_TASK INSTRUCTIONS_
The material below holds pictures; leave them out and reproduce exactly the lines from the one with "Vestido corto de" through the one with "Angers - Ponts", inclusive.

_PROVIDED MATERIAL_
*** Begin section ***
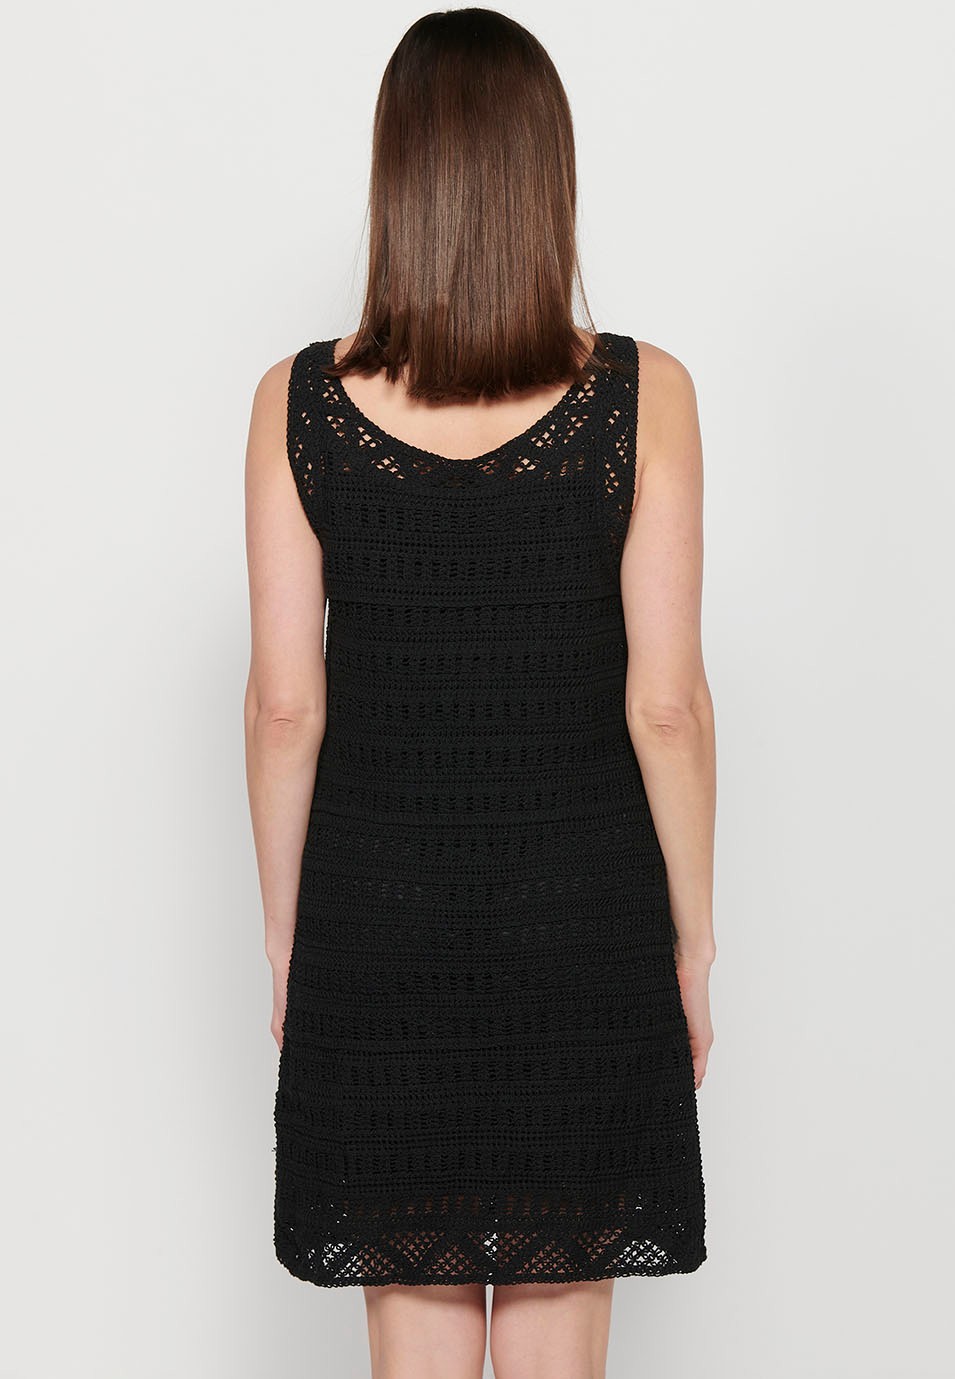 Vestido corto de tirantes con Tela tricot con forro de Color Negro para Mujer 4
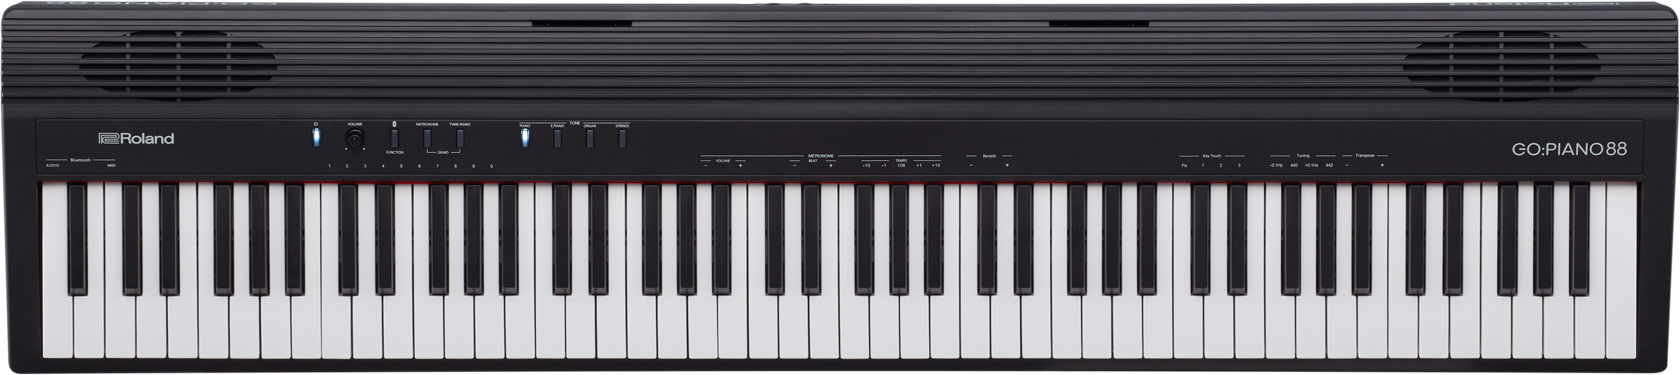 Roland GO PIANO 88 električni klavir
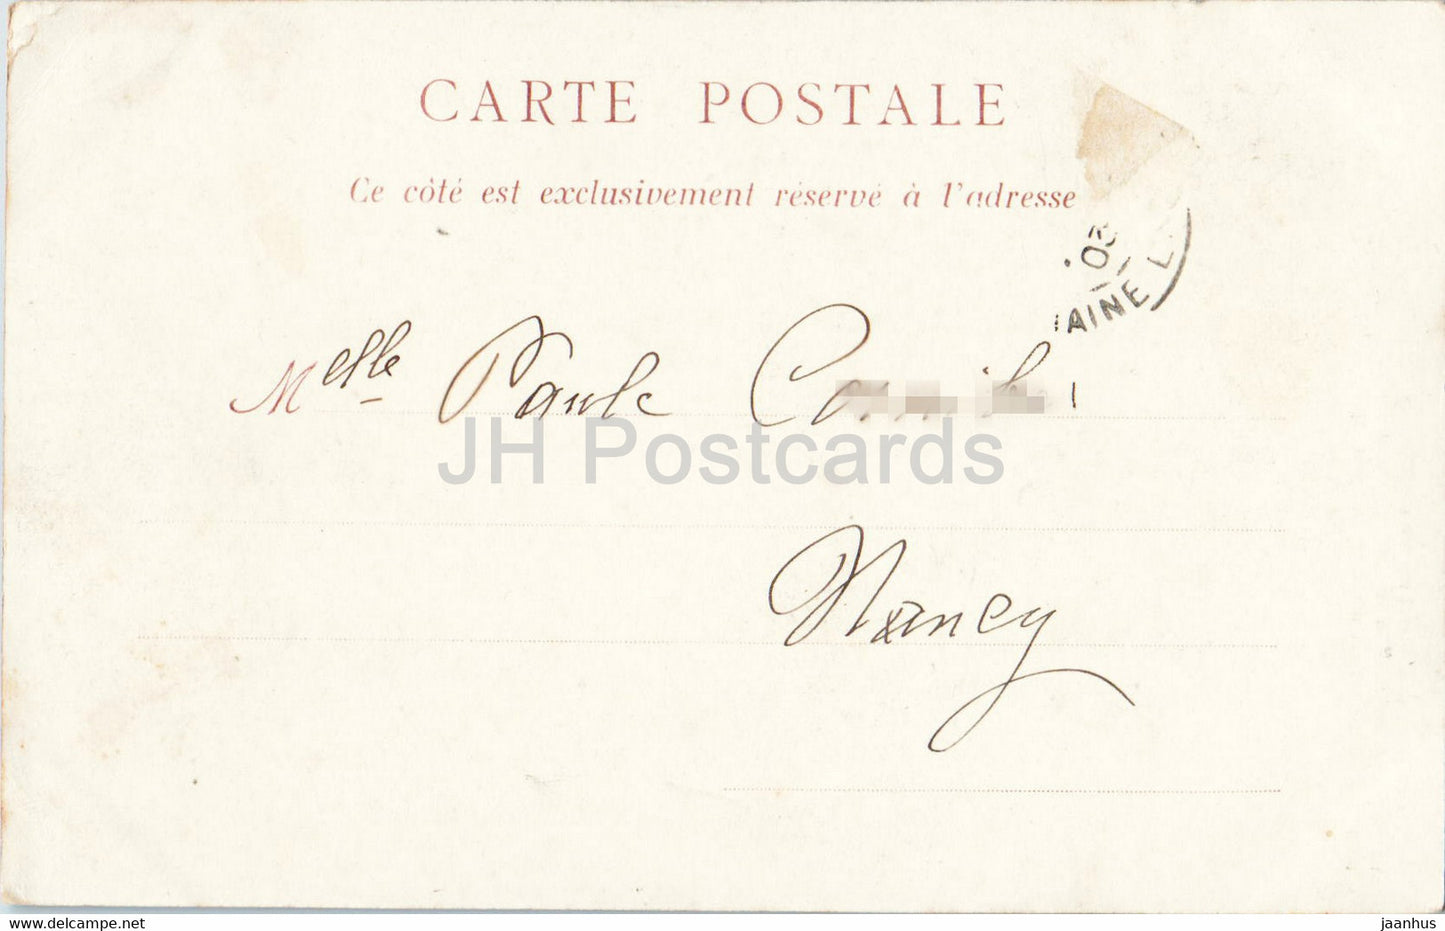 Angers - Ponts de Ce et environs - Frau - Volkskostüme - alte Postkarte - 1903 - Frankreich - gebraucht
*** End section ***
*** Begin section ***
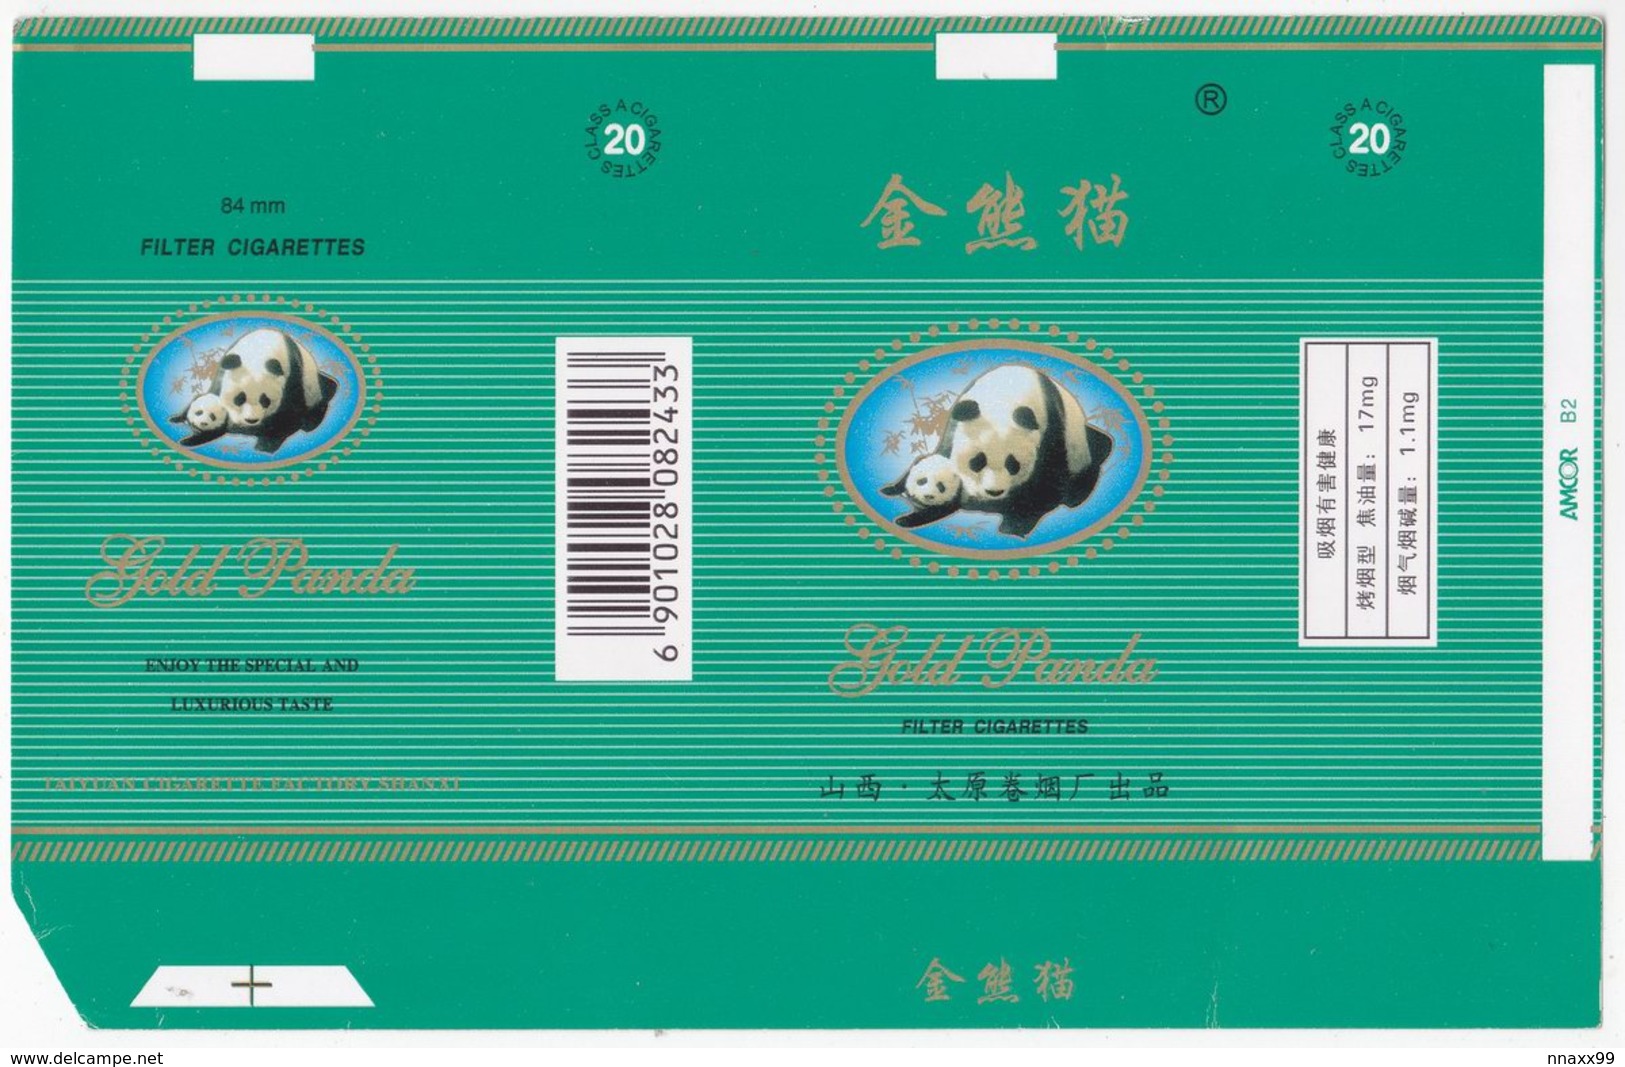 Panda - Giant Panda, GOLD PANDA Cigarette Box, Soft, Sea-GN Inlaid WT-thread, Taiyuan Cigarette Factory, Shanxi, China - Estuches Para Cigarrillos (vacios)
*** End section ***
_YOUR RESPONSE_
 Vestido corto de tirantes con Tela tricot con forro de Color Negro para Mujer 4
 Roland GO PIANO 88 električni klavir
 Angers - Ponts de Ce et environs - Frau - Volkskostüme - alte Postkarte - 1903 - Frankreich - gebraucht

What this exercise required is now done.